• [EXERCISE]:
Beneath this instruction is a listing; print exactly the lines in it starting at the line that contains "Bob Snail päärynä-mangomatto 14g" and going through the line that contains "Ziertablett, wohl Rußland".

• [DATASET EXTRACT]:
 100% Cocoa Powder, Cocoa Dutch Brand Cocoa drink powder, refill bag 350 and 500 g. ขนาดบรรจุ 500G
==
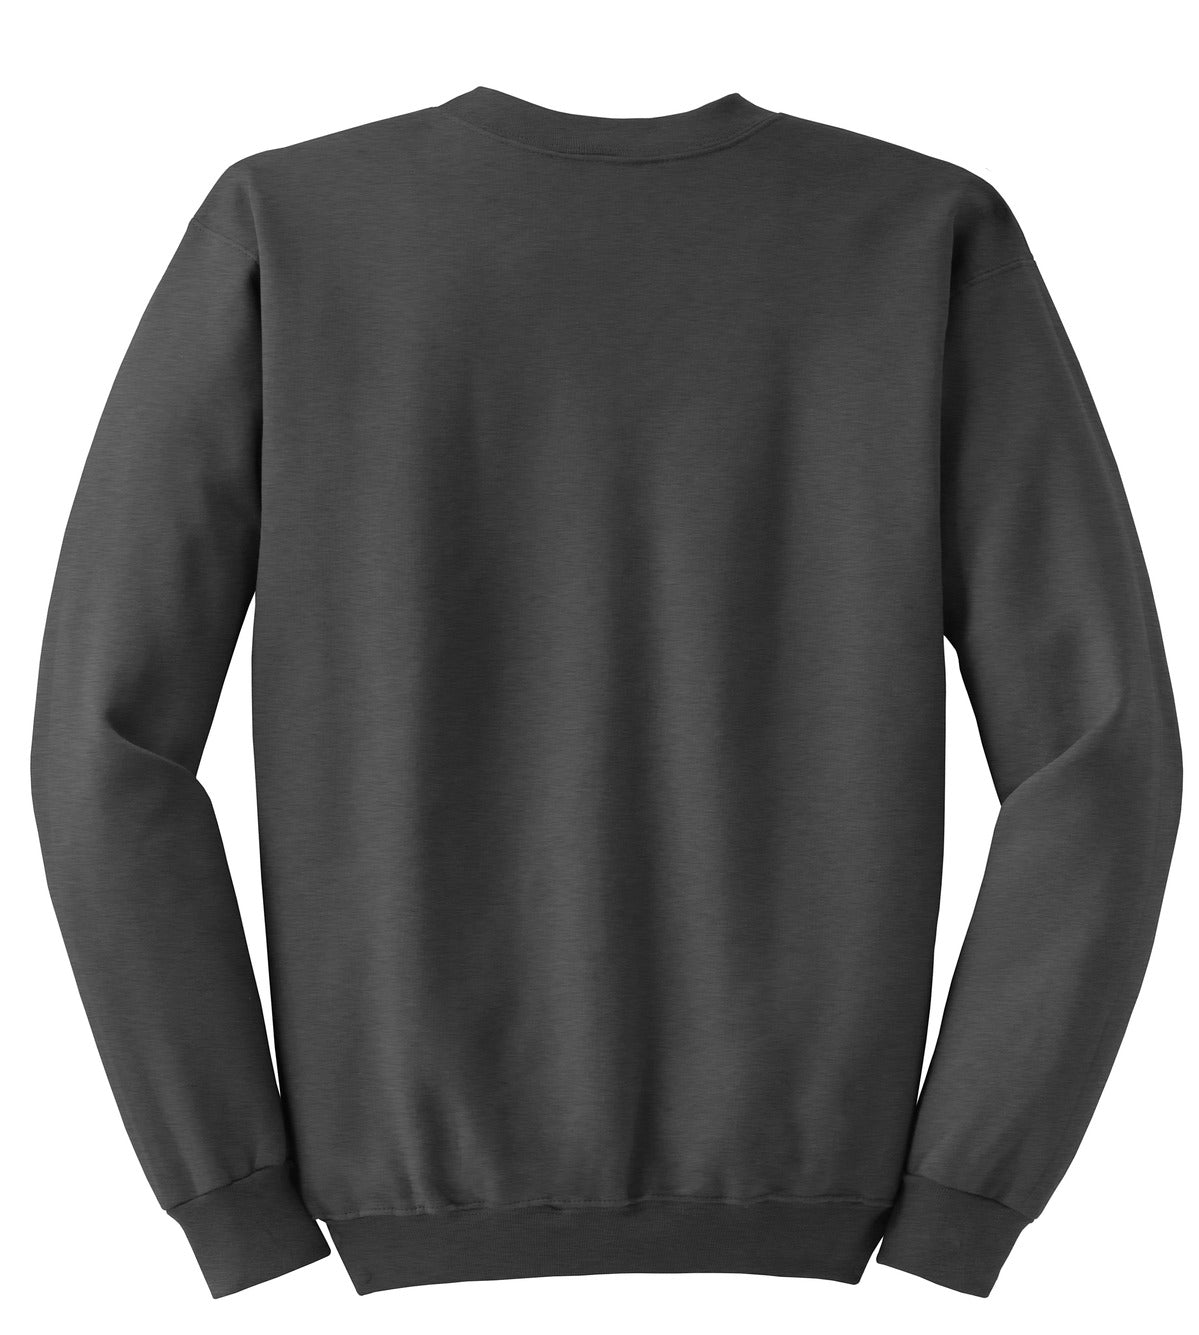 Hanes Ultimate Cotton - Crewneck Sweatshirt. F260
* * *
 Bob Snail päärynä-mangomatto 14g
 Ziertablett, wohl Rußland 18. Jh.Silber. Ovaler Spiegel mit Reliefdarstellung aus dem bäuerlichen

• [ANSWER FOR THIS EXERCISE]:
 Bob Snail päärynä-mangomatto 14g
 Ziertablett, wohl Rußland 18. Jh.Silber. Ovaler Spiegel mit Reliefdarstellung aus dem bäuerlichen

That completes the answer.